Paper Digital Humanities Australasia 2018

TextBase and READ Workbench: A development methodology and implementation platform for ancient text corpora. (26)

Ian McCrabb 1
  1. University of Sydney, Glebe, NSW, Australia

The READ platform, supported by a consortium of four universities involved in the study and publication of ancient Buddhist documents, has been developed as a comprehensive multi-user platform to support editing, analysis and publishing of ancient Sanskrit, Gāndhārī, Pali and other Prakrit texts.  It is open source, supports the TEI standard and is being extended to other language groups.  The defining innovation of READ is atomization to a semantically linked network of objects; a paradigm shift in data structure from strings of marked-up text to aggregates of linked objects.

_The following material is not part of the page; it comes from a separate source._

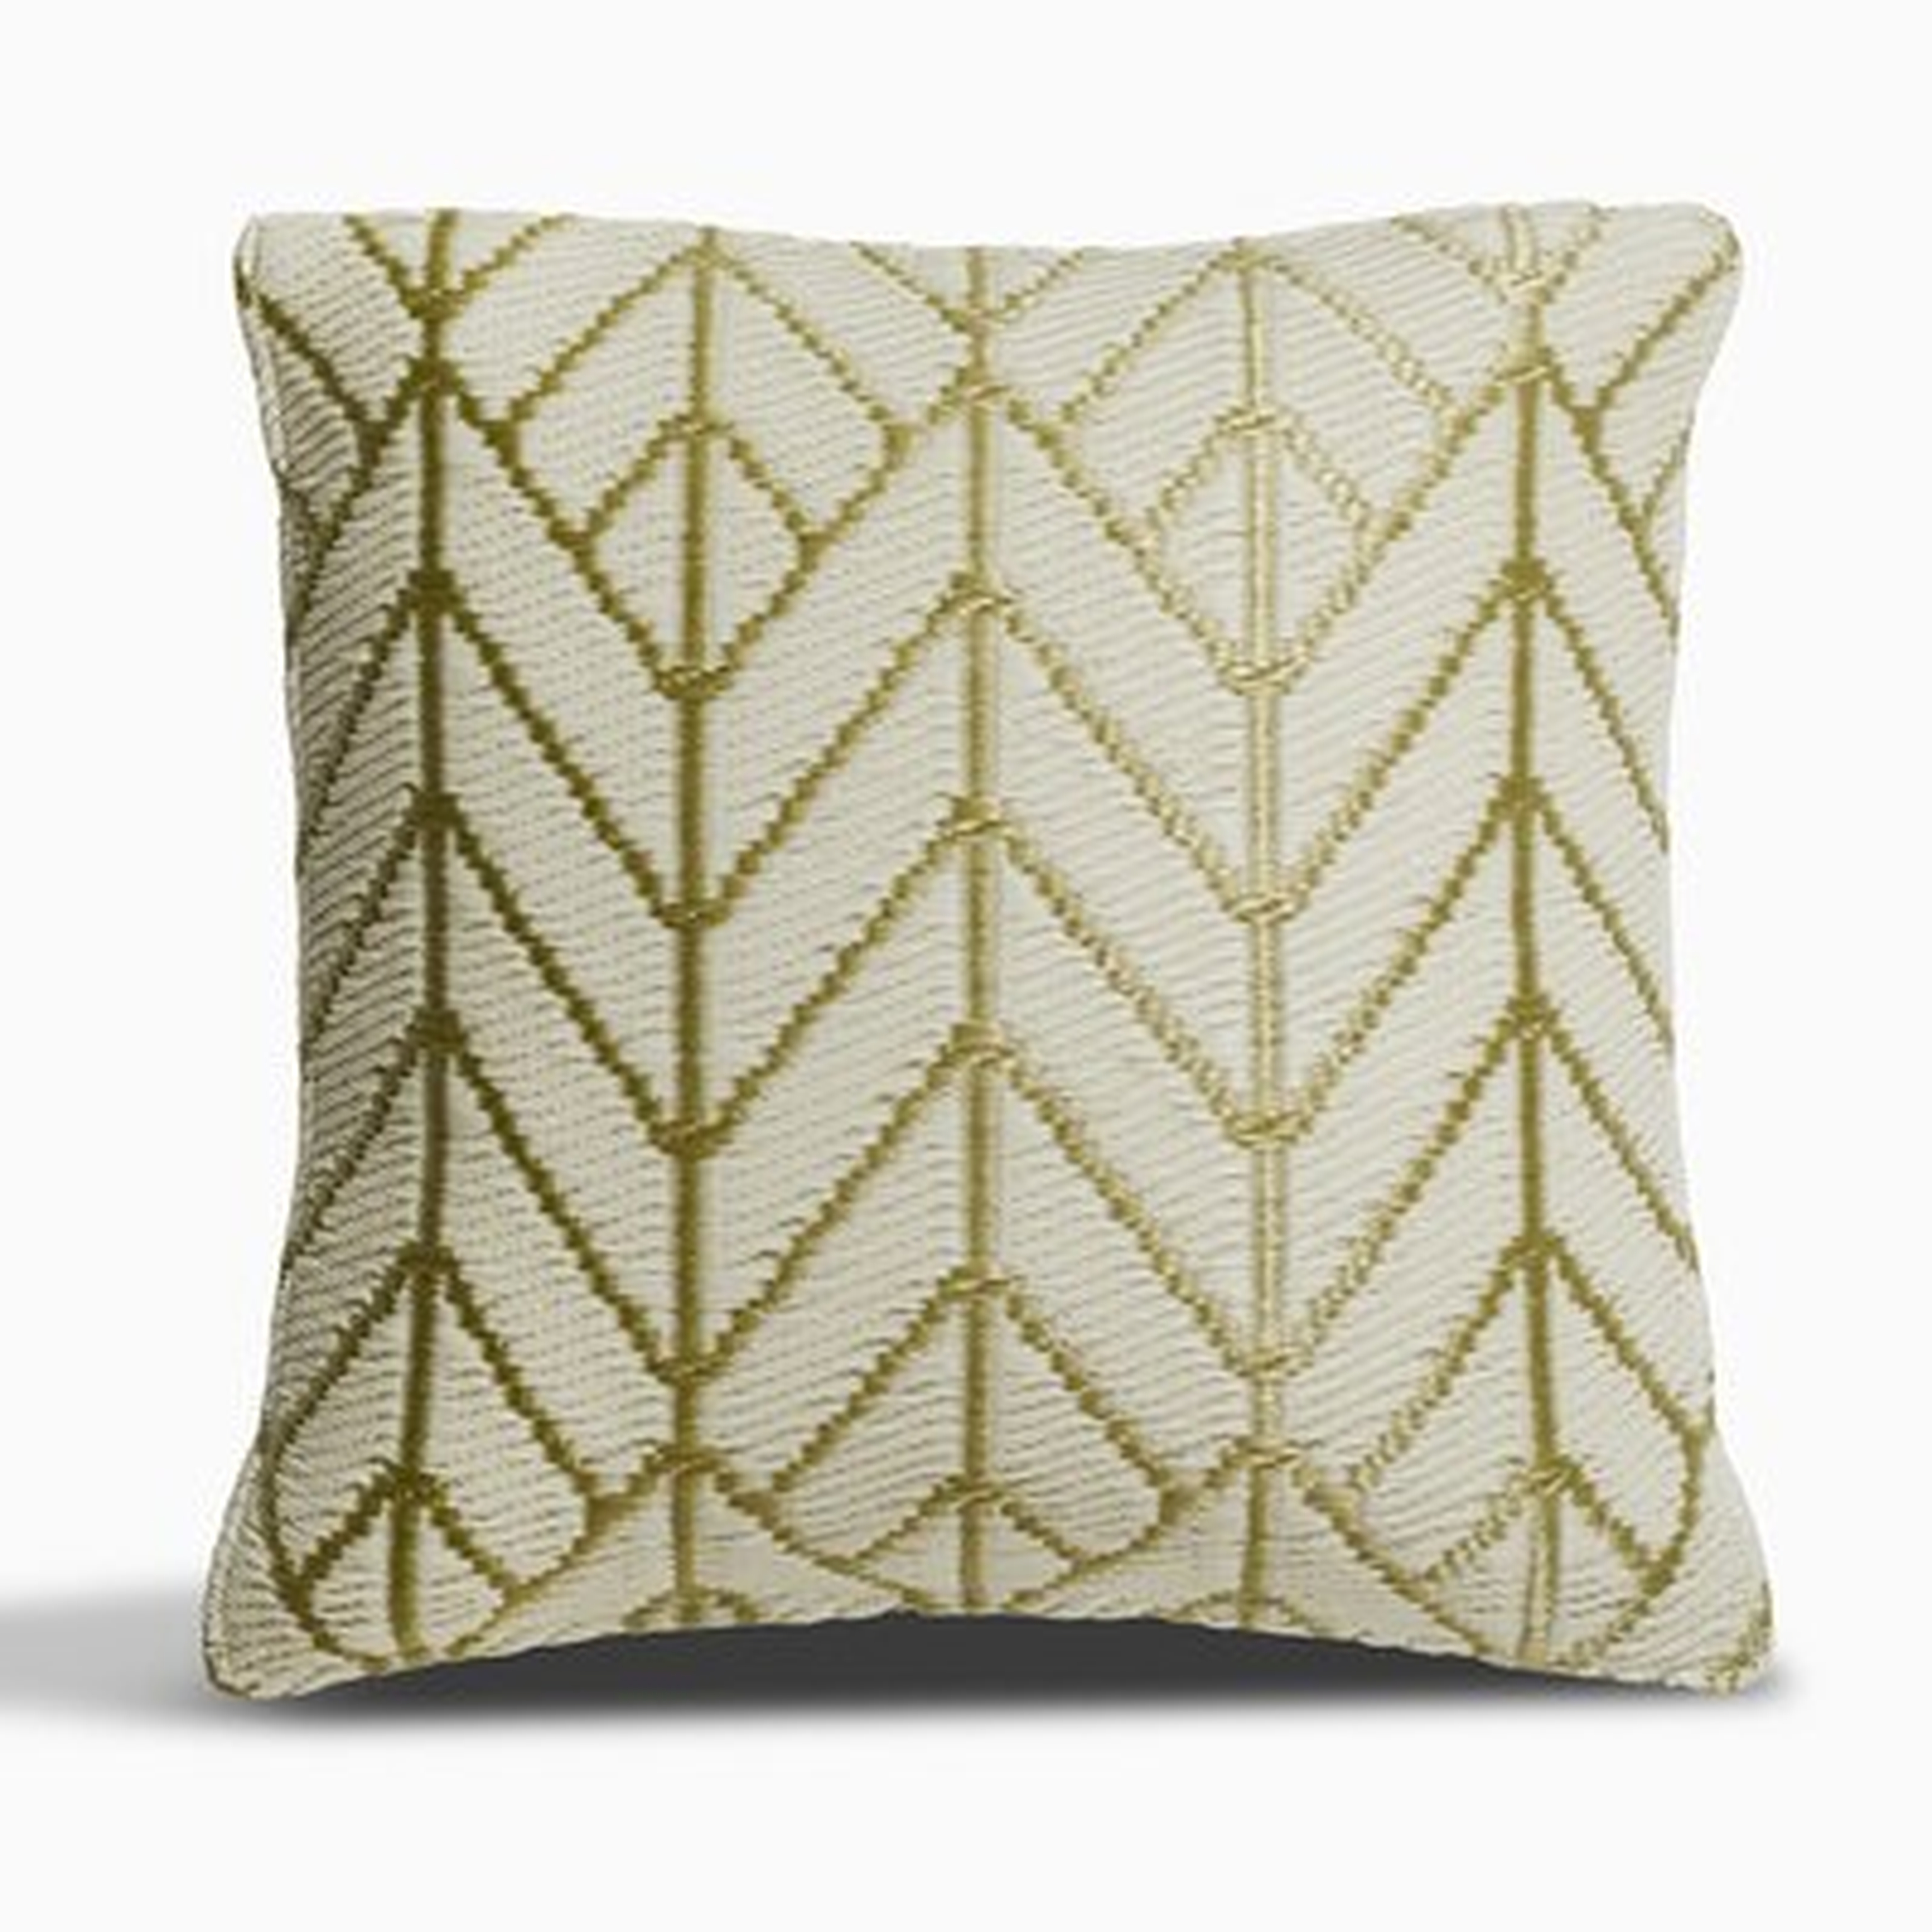 Sydney Outdoor Accent Pillow - Gold & Cream (16.5" X 16.5") - Wayfair

 The READ entity model was presented at DH 2015 and ADH 2016.  This presentation will outline the distinctive features of READ and precis a range of current corpora projects but will focus primarily on TextBase and READ Workbench (Workbench).  TextBase is a corpus development methodology designed to address some of the ubiquitous constraints inherent in a conventional corpus architecture.  Workbench is a server portal hosted at the University of Sydney which instantiates TextBase and ‘harnesses’ READ, the core philological platform.

 Workbench is a comprehensive management framework to support the integration of people and processes in the collaborative development, maintenance and publishing of textual corpora.  Workbench is a software as a service (SaaS) platform managing multiple READ installations, each with project/language specific configurations, supporting researcher collaborations across multiple institutions.  Workbench delivers READ capability through a self-service portal enabling researchers to develop, maintain, manage and publish texts without requiring technical support; critical to the longer-term sustainability of corpora projects.  Workbench’s three facets (configuration management, database management and corpus workflows) address issues of scalability, project management and sustainability in collaborative READ projects.

 The adoption of a single text/single database (TextBase) as the fundamental object of development, collaboration and portability is quite a departure from conventional models where a centralized administrator manages a single monolithic corpus database.  This TextBase architecture underpins corpus development, analysis and publishing with a methodology that provides significant flexibility in terms of the iteration and synchronization of four fundamental workflows: text alignment, text cubing, analysis registration and text aggregation.

 Text alignment integrates the physical, the textual and the contextual to generate a TextBase ‘substrate’ from distributed inputs.   Text cubing facilitates successive cloning and editing, from an initial substrate through various editions, to encapsulate the scholarly history of a text at its most granular.  Analysis registration associates ‘strata’ of analysis data with a substrate to support a wide array of philological and cross discipline research projects.  Text aggregation supports individual researchers to combine their TextBases in collections or corpora as sequenced, mapped or merged ‘aggregates’.

 The strategy adopted with TextBase Workbench was to reframe some of the ubiquitous issues in the conventional corpus development model; ownership, control, confidentiality, innovation, standardization, portability, resourcing and support.  The critical innovation in maximizing development flexibility and in balancing autonomy and collaboration across the range of individual, collection and corpora development projects is the TextBase; the target of text alignment, the departure point for text cubing, the substrate for registration of analysis and the object aggregated.